In 1980, I read a piece in New York Magazine by Gael Greene entitled "Detour to Greatness." It was about Fredy Girardet, widely recognized at the time as Earth's greatest chef whose restaurant in Switzerland was - and still is - my fine dining Mount Everest. I still remember the kicker of Greene's piece; "Discovery is, I suppose, always more thrilling than confirmation. In Girardet's case, the confirmation of his creative genius is an endless joy."
That's how I felt a few days ago when Nancy and I - and five friends along for Dining Italy MMXIV - ate at Pepe in Grani, the restaurant of Franco Pepe located in the hamlet of Caiazzo about an hour north of Naples.
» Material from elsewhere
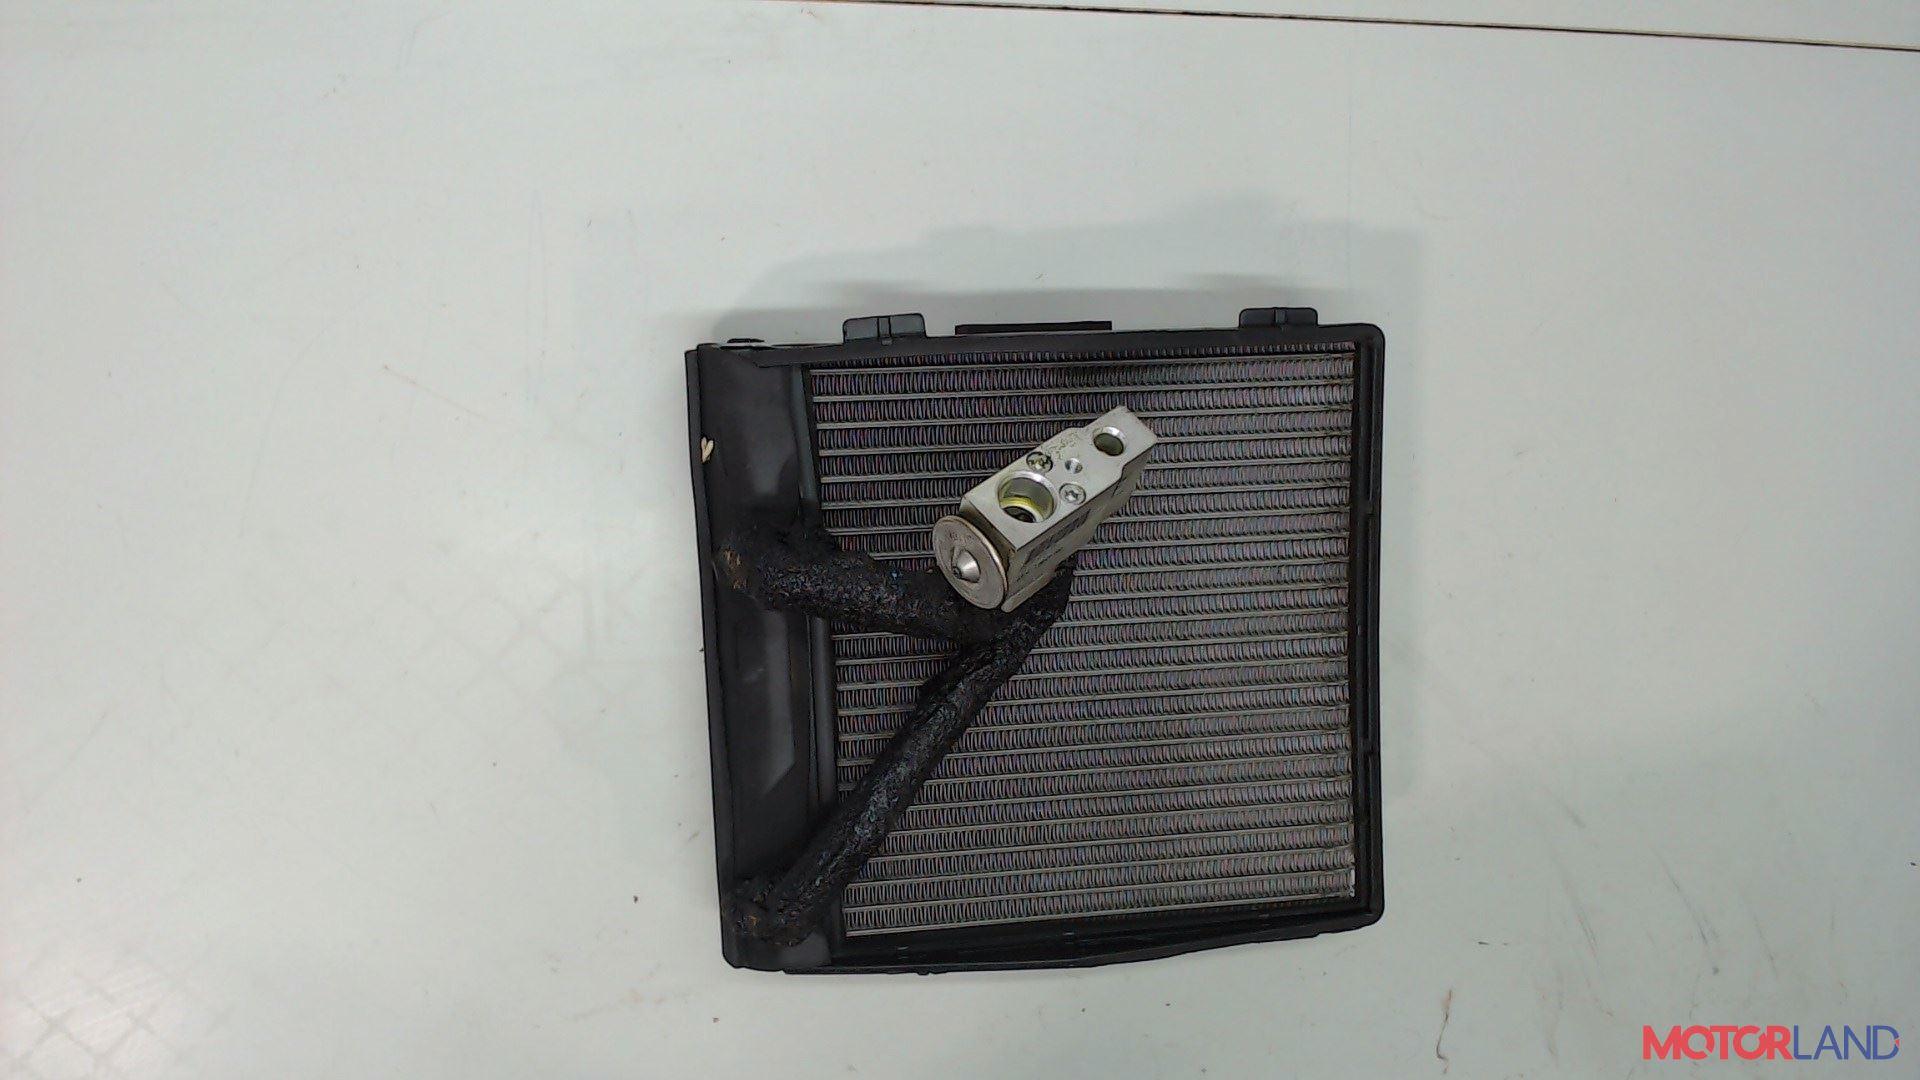 Радиатор кондиционера Infiniti QX56 (JA60) 2004-2010, [КонстрНомер-Артикул] #1

A year ago, Nancy and I "discovered" it. on a recommendation from "Fearless" Faith Willinger, or, more accurately, on orders from Fearless Faith, It led to a Krikorian Writes story that stated Pepe in Grani ( Pepe in grains) was "The World's 2nd Best Pizza"; http://krikorianwrites.com/blog/2013/9/2/the-worlds-second-best-pizza. The lede of that piece was that the best pizza in the world is your favorite, but, after that comes Pepe in Grani . (Loyalty is paramount to me.. As Cleamon "Big Evil" Johnson would say, "Blood makes you related, but loyalty makes you family" and I am nothing but loyal to Pizzeria Mozza.)
Still, that night in Campania tested my loyalty. One of the pizzas, - called "The Dream of Caiazzo" by me, and "Il Sole nel Patto" ( "The Sun on a Plate:") by Franco Pepe -- was, to borrow a MMXIV team member Bobby Silverstein food adjective, "profound".
So, this year,. when, after two other pizzas and a calzone, the waiter dropped the Dream of Caiazzo, Il Sole nell piatto , the sun on a plate, I stared in silence before I ate it.
When I did, it made me sad.
This pizza made me think of all the people in my life I care about who coudn't be here tonight, who would never be here. It was the saddest plate of food I ever ate. Don't get me wrong. It wasn't like I was crying and all sloppy. It made me hope my good fortune on others.
The next day when we saw Franco Pepe, he said, with a sly grin - and through his lovely assistant, Margherita - that he was very honored and content to be the 2nd best pizza in the world and "I just hope I don't drop down to number three or four."
This loyal person is not giving up Mozza's title, but it's time to share the crown.
The world's best pizza is still located at Highland and Melrose in Los Angeles . The world's best pizza is also located on Vicolo San Giovanni Battista in Caiazzo.
Pepe in Grani has two sleek, modern bedrooms that rent for about 100 euro a night. So after the pizza dinner, you can dream about them one flight up.